Пожалуй, больше всего меня привлекало изучение животных в естественной среде. Я придерживался буквального смыслы слова биология, что, как известно, означает изучение жизни, и был искренне озадачен тем, что мои сверстники бежали, как черт от ладана, от всего живого, радовались возможности укрыться в стерильной атмосфере лабораторий и корпеть там над мертвым материалом. В самом деле, в мое время в университете считалось немодным возиться с животными – не только с живыми, но и с мертвыми. Ученые-биологи зарылись в статистические и аналитические исследования, в то время как сама жизнь служила лишь пищей для вычислительных машин.

Неумение приспосабливаться к новым течениям отрицательно сказалось на моей научной карьере. Все студенты очень рано приобрели различные непонятные специальности, которые они изобретали, исходя из теории, что единственному специалисту в редкостной отрасли нечего бояться конкуренции. Я же по-прежнему не мог переключиться с общего на частное. Приближался выпуск, и оказалось, что большинству моих однокурсников уже уготованы тепленькие местечки в исследовательских учреждениях. Только я не мог предложить ничего достаточно привлекательного для биологического рынка. Поэтому мне суждено было поступить на государственную службу.

Жребий был брошен в одно прекрасное зимнее утро, когда почтальон вручил мне вызов Службы изучения животного мира Канады. В нем сообщалось, что я принят на «щедрый» оклад в 120 долларов в месяц и должен немедленно явиться в Оттаву.

Пришлось подчиниться властному приказу и подавить в себе остатки мятежного духа. Ведь за годы учебы я превосходно усвоил, что иерархия в науке требует от своих служителей если не подхалимства, то уж, во всяком случае, полной покорности.

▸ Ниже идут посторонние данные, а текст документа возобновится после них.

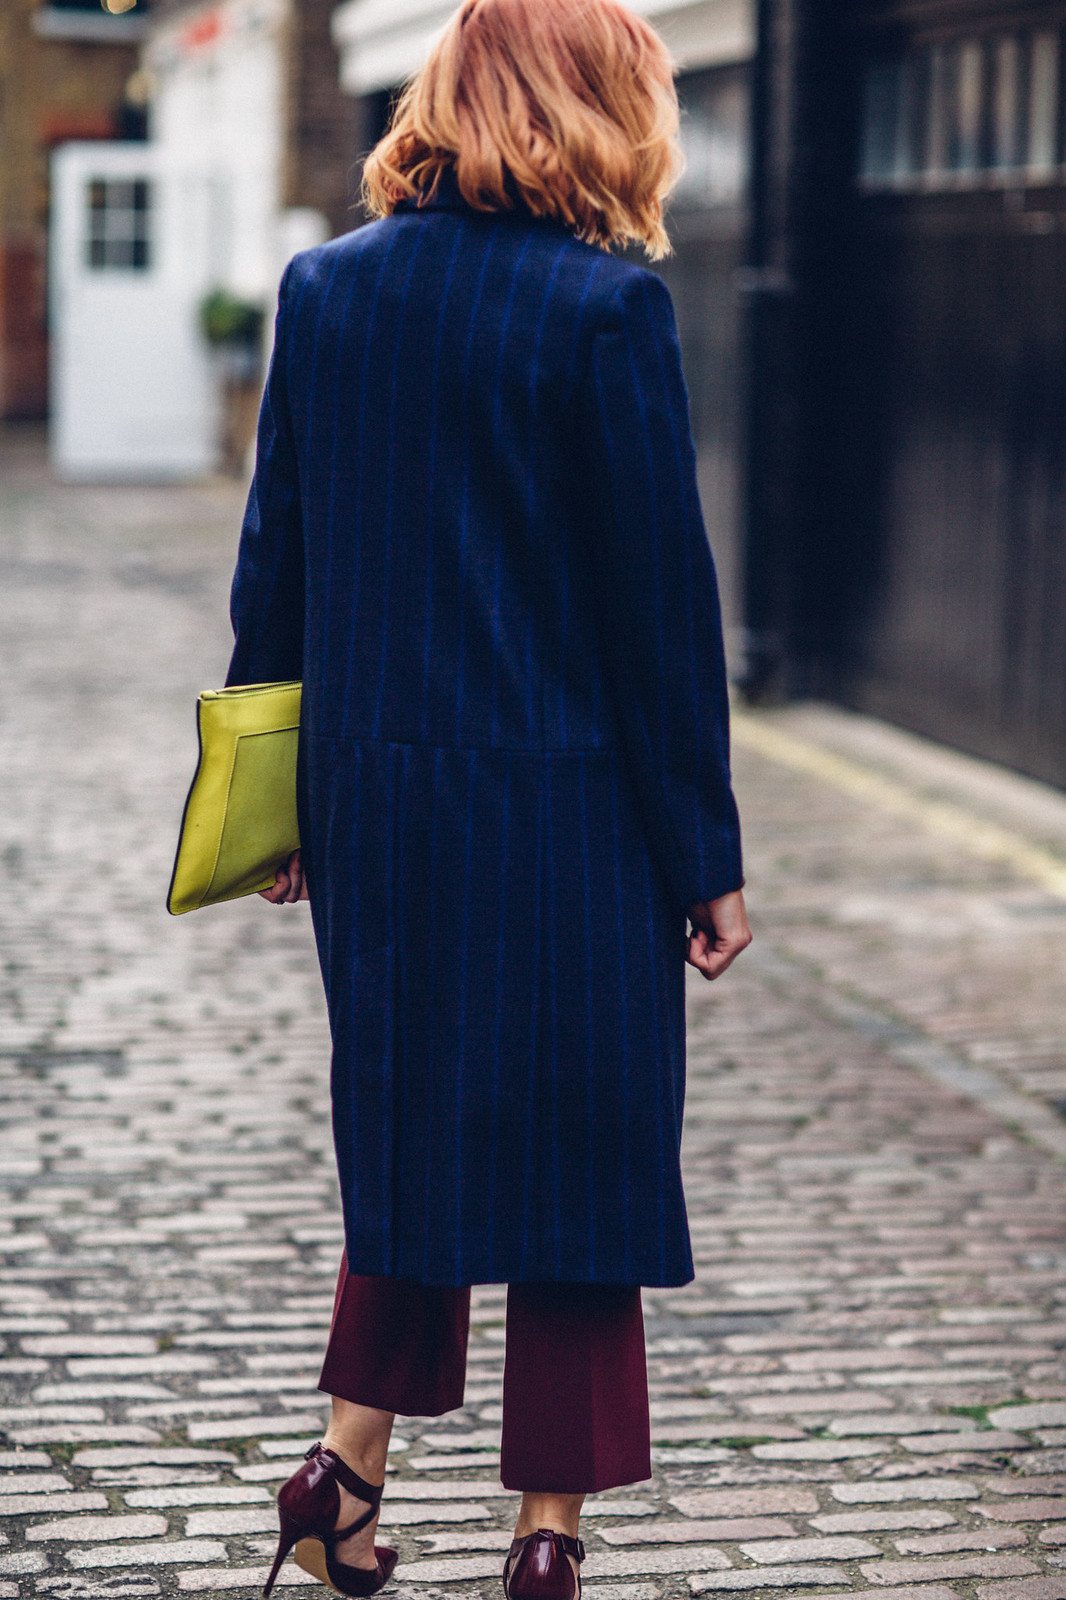 Bold jewel colours Autumn look fall outfit smart winter wear layering Jaeger Longline pinstripe coat, red roll neck, burgundy cocoon dress and cropped flares, yeloo suede clutch | Not Dressed As Lamb, over 40 style

Через два дня я прибыл в открытую всем ветрам серую столицу Канады и в лабиринте темных коридоров вместительного здания отыскал Службу изучения животного мира. Там я представился главному маммологу, который оказался моим школьным товарищем. Увы, беззаботные дни детства миновали, и теперь предо мной сидел махровый чинуша, преисполненный чувства собственного достоинства. Ну, его, видно, ничем не проймешь! Я ограничился тем, что воздержался от изъявления своего глубочайшего почтения.

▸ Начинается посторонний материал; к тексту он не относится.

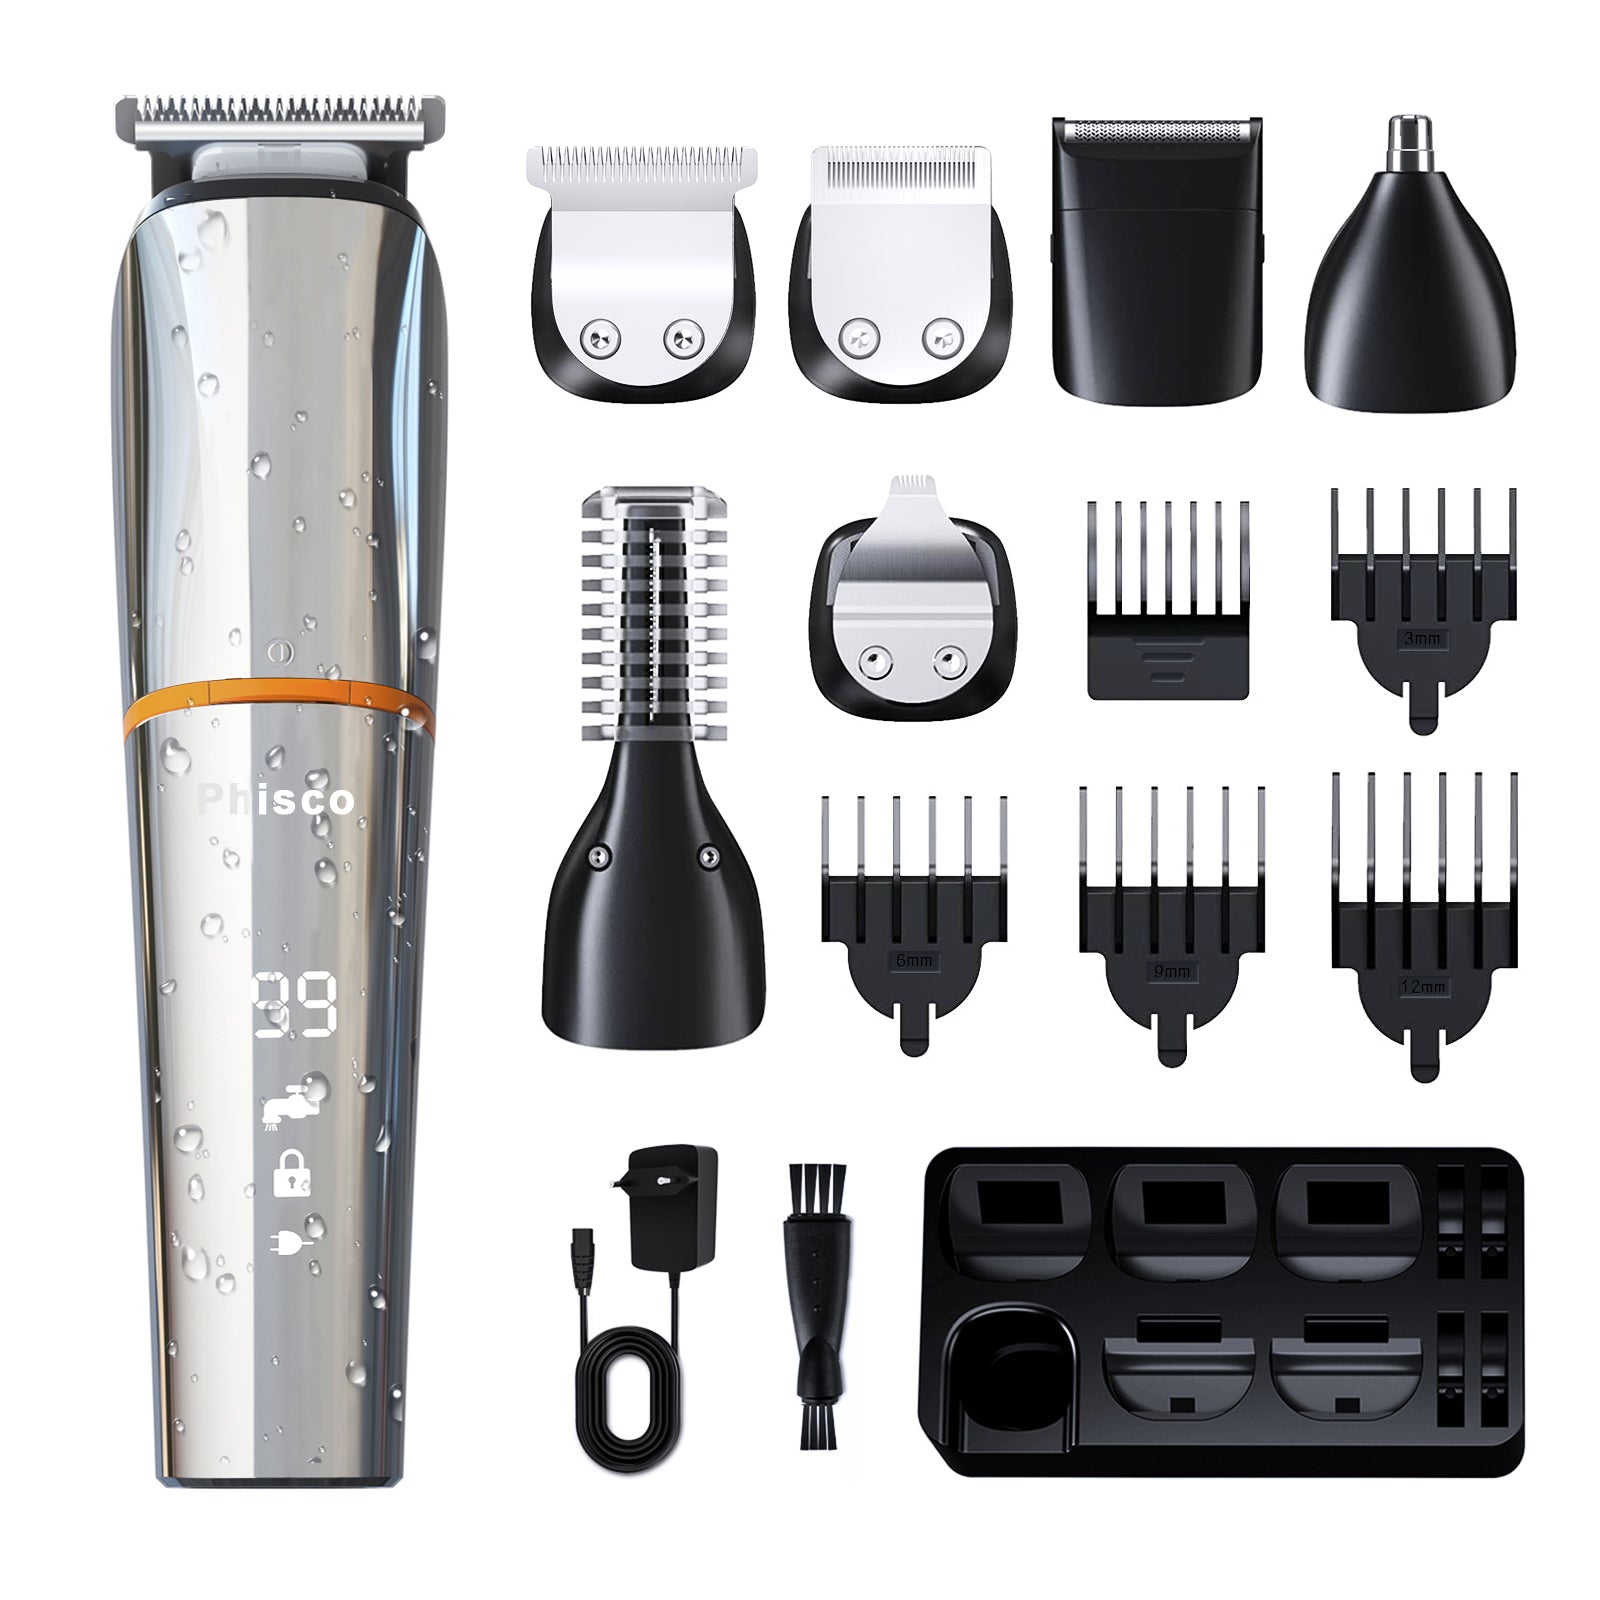 Wahl Hair Clippers for Men, 3-in-1 Cordless Head Shaver Men's Hair Clippers in Storage Case, Gifts for Men, Nose Hair Trimmer for Men, Hair

Мне предоставили несколько дней для так называемого ознакомления; по-моему, штука эта придумана, чтобы довести человека до безнадежного отчаяния и сделать его уступчивым. Во всяком случае, легионы ученых-педантов, которых я посетил в их мрачных, пропахших формалином каморках – там они бесконечные часы обрабатывают скучнейшие данные или сочиняют никому не нужные доклады, – отнюдь не вдохновили меня. За это время я твердо усвоил лишь одно: в отличие от бюрократической иерархии научная иерархия Оттавы больше смахивает на анархию.

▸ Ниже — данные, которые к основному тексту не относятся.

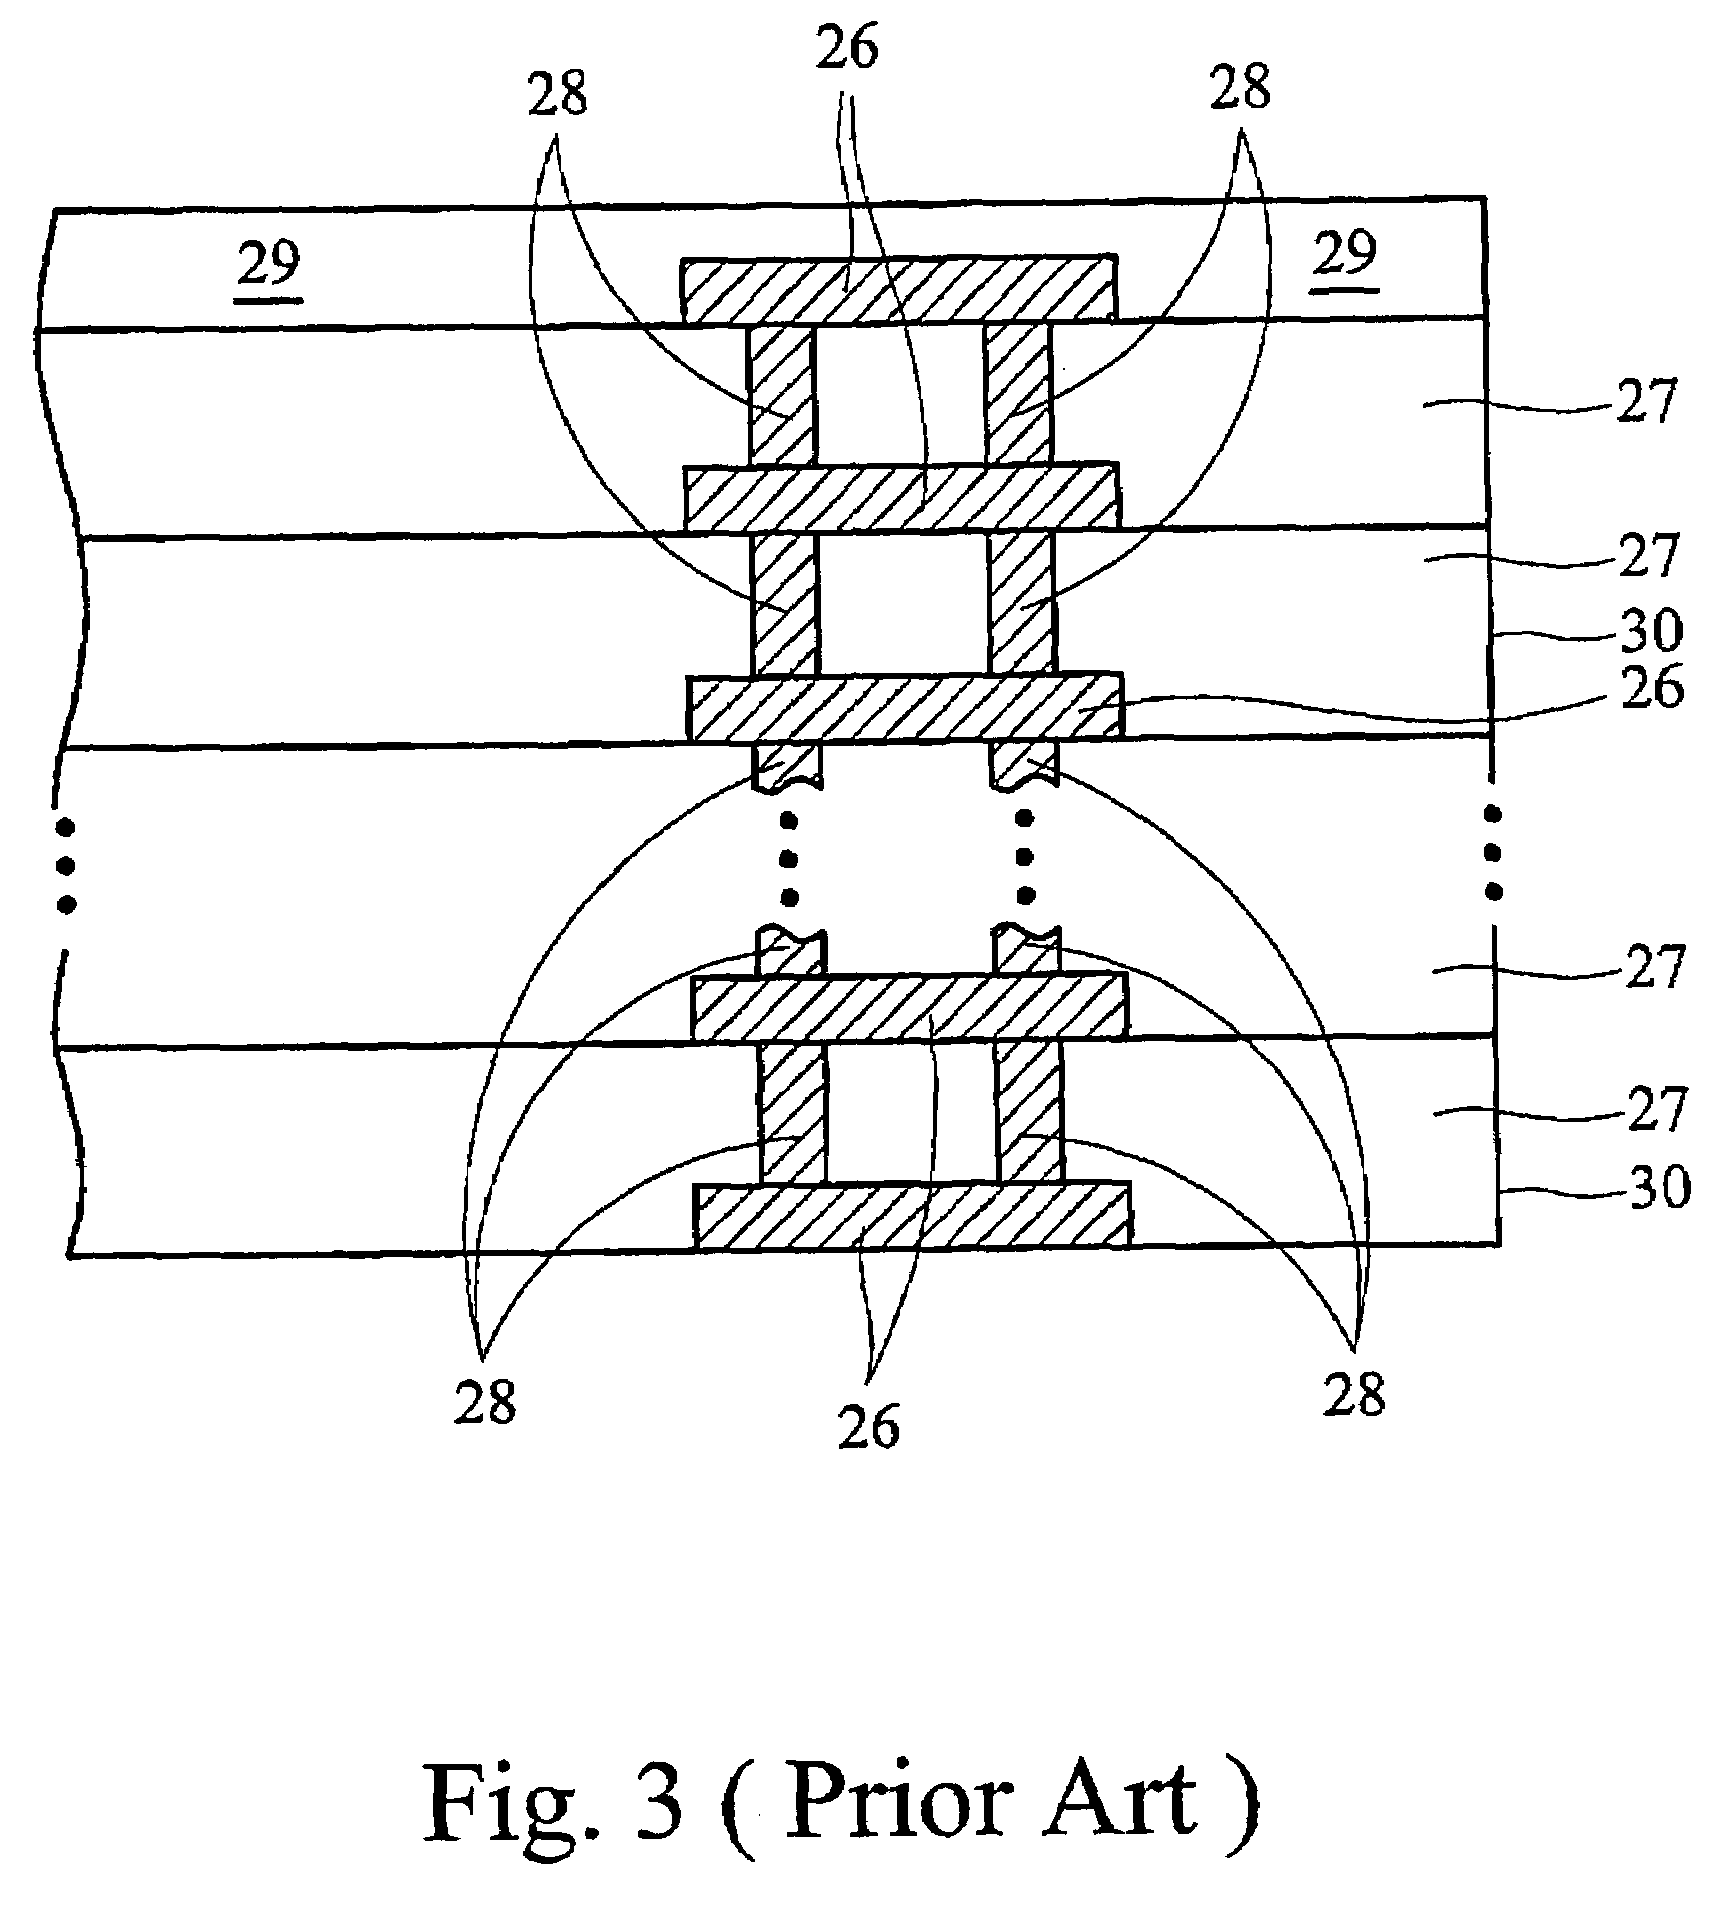 Design structure for coupling noise prevention

Наконец наступил достопамятный день. Я был признан годным для инспекционного смотра и торжественно препровожден к заместителю министра. Должен признаться, я так растерялся, что назвал его просто «мистер». Сопровождавший меня начальник, побледнев от страха, мгновенно выставил меня из зала аудиенций и окольными путями провел в мужской туалет. Там он прежде всего присел на корточки и поочередно заглянул под двери всех кабинок, чтобы убедиться, что нас никто не подслушивает, а затем зловеще прошептал: «При обращении к заместителю министра никогда не смейте называть его иначе как „шеф“ или, еще лучше, „полковник“, в память об англо-бурской войне, в которой ему довелось участвовать!»

К слову сказать, военные звания в этом гражданском ведомстве считаются большим шиком. Все документы подписываются обязательно с указанием чина: капитан такой-то, лейтенант такой-то (если они исходят от младших чинов) или полковник имярек, бригадир имярек (если документ спускается сверху). Сотрудники, которым не представилось случая приобрести хотя бы псевдовоенную профессию, вынуждены были сами сочинять себе подходящие звания: штаб-офицерские – для пожилых и субалтернские – для молодежи. К сожалению, не все относились к этому с должной серьезностью. Я знал одного новичка из ихтиологического отдела, который вскоре прославился тем, что докладную записку на имя шефа подмахнул следующим образом: «Д. Смит, исполняющий обязанности ефрейтора». Через неделю отчаянный юнец был уже на пути к самой северной оконечности острова Элсмир, где ему предстояло влачить жизнь изгнанника и заниматься изучением биологии девятииглой колюшки.

Легкомыслие не встречает благосклонного отношения в аскетически суровых канцеляриях. Мне пришлось убедиться в этом на собственном опыте, когда обсуждались вопросы снабжения моей экспедиции. На совещании присутствовало много важных людей, которым надлежало обсудить и утвердить список необходимого снаряжения. Это был солидный документ, согласно инструкции отпечатанный в пяти экземплярах и внушительно озаглавленный «заявка на материально-техническое снабжение полевых работ по волкам».

И без того взвинченный утомительными сборами в дорогу, я окончательно потерял голову, когда почтенное собрание перешло к обсуждению двенадцатого пункта этого ужасающего списка: Бумага туалетная, правительственный стандарт: 12 рулонов.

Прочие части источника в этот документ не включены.